- TASK: The listing below is to be copied exactly, with pictures excluded.
Top of GIVEN DATA
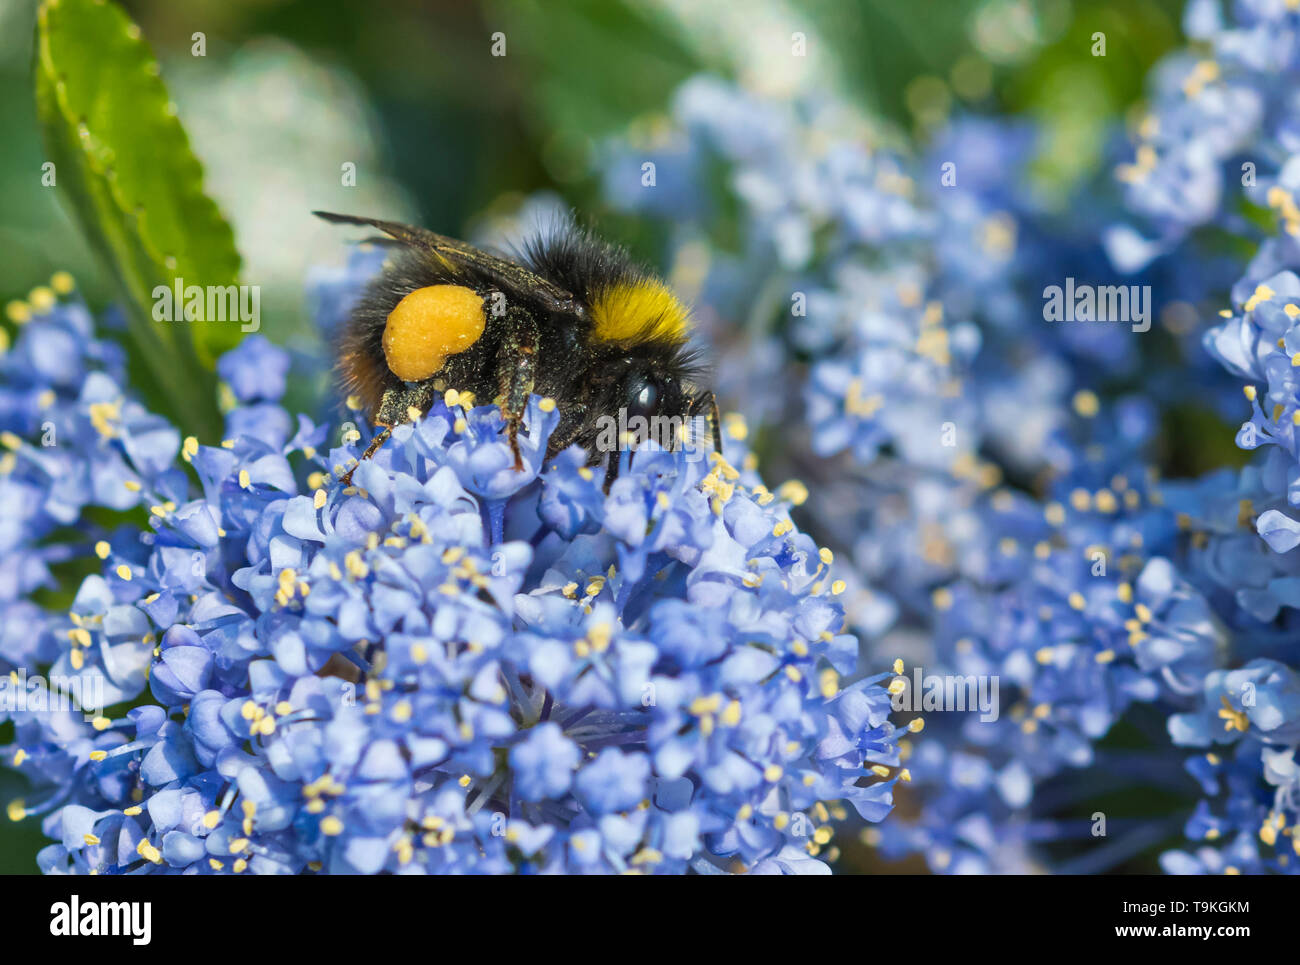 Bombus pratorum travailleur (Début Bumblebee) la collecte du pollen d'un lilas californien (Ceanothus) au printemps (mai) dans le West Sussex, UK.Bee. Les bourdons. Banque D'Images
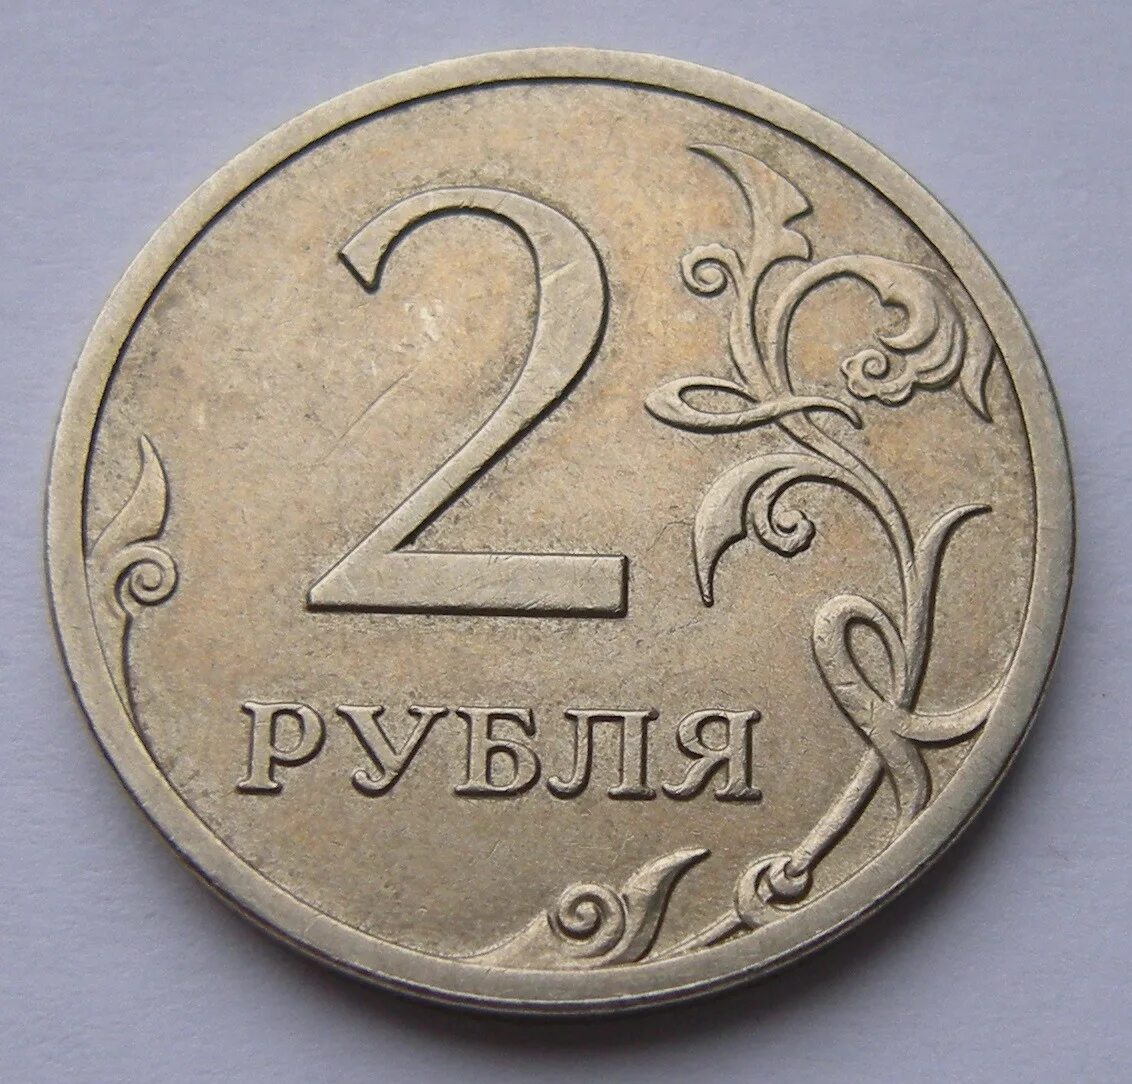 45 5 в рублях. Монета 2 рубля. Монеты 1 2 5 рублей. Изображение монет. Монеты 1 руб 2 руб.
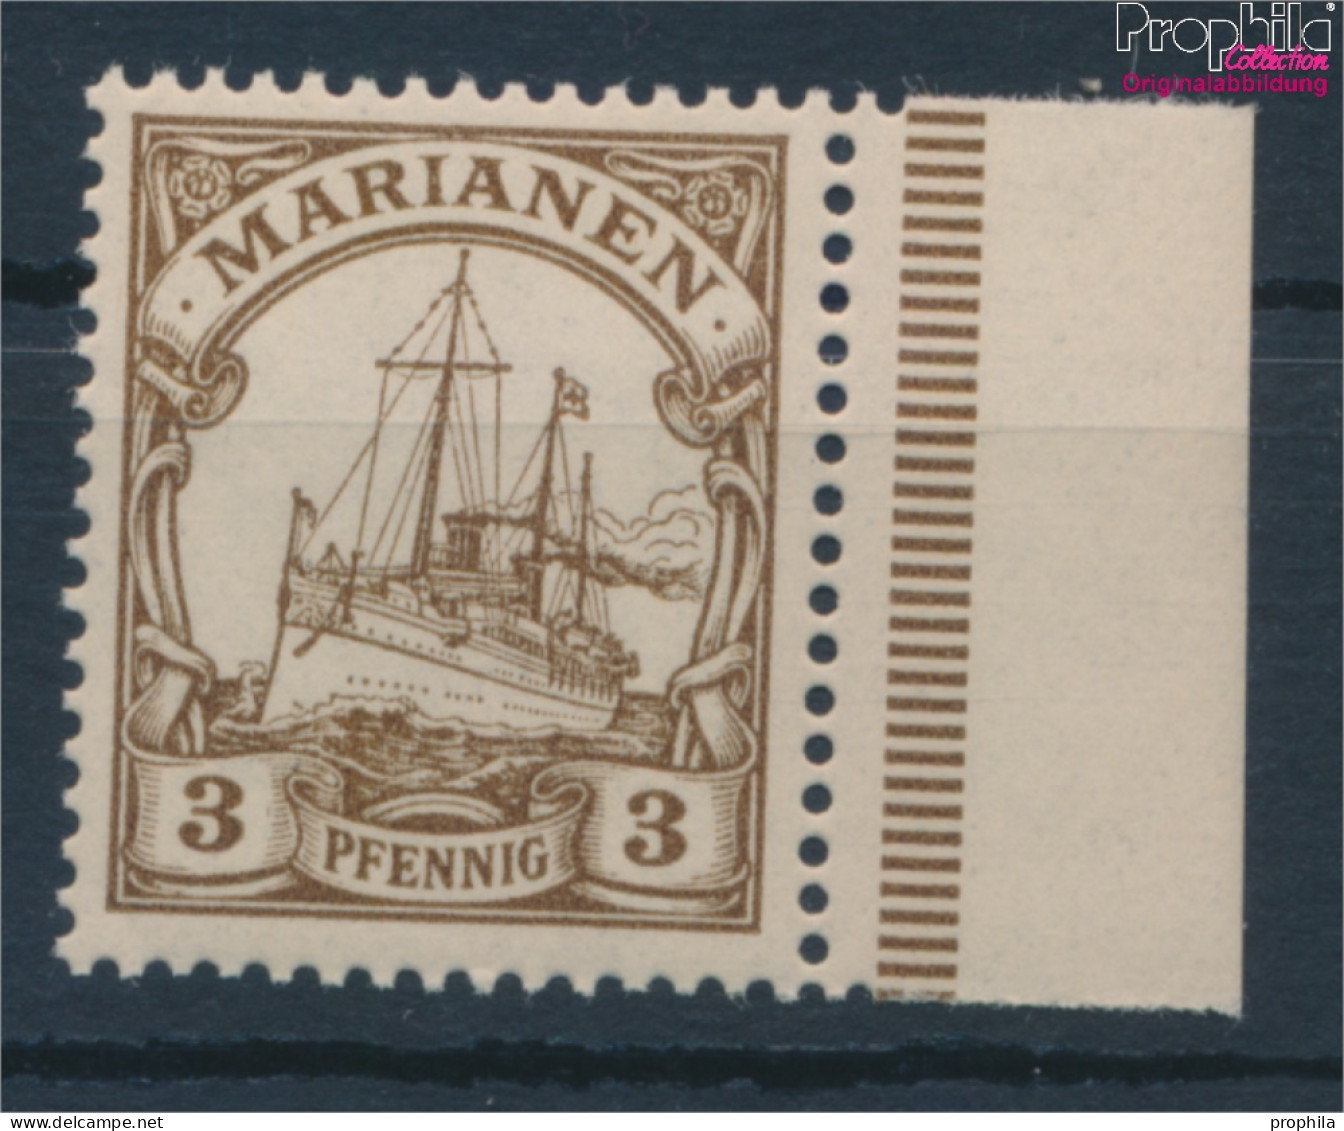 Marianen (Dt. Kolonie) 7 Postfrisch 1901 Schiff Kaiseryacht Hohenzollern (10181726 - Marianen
Bottom of GIVEN DATA
- OUTPUT FOR THIS EXERCISE:
 Bombus pratorum travailleur (Début Bumblebee) la collecte du pollen d'un lilas californien (Ceanothus) au printemps (mai) dans le West Sussex, UK.Bee. Les bourdons. Banque D'Images
 45 5 в рублях. Монета 2 рубля. Монеты 1 2 5 рублей. Изображение монет. Монеты 1 руб 2 руб.
 Marianen (Dt. Kolonie) 7 Postfrisch 1901 Schiff Kaiseryacht Hohenzollern (10181726 - Marianen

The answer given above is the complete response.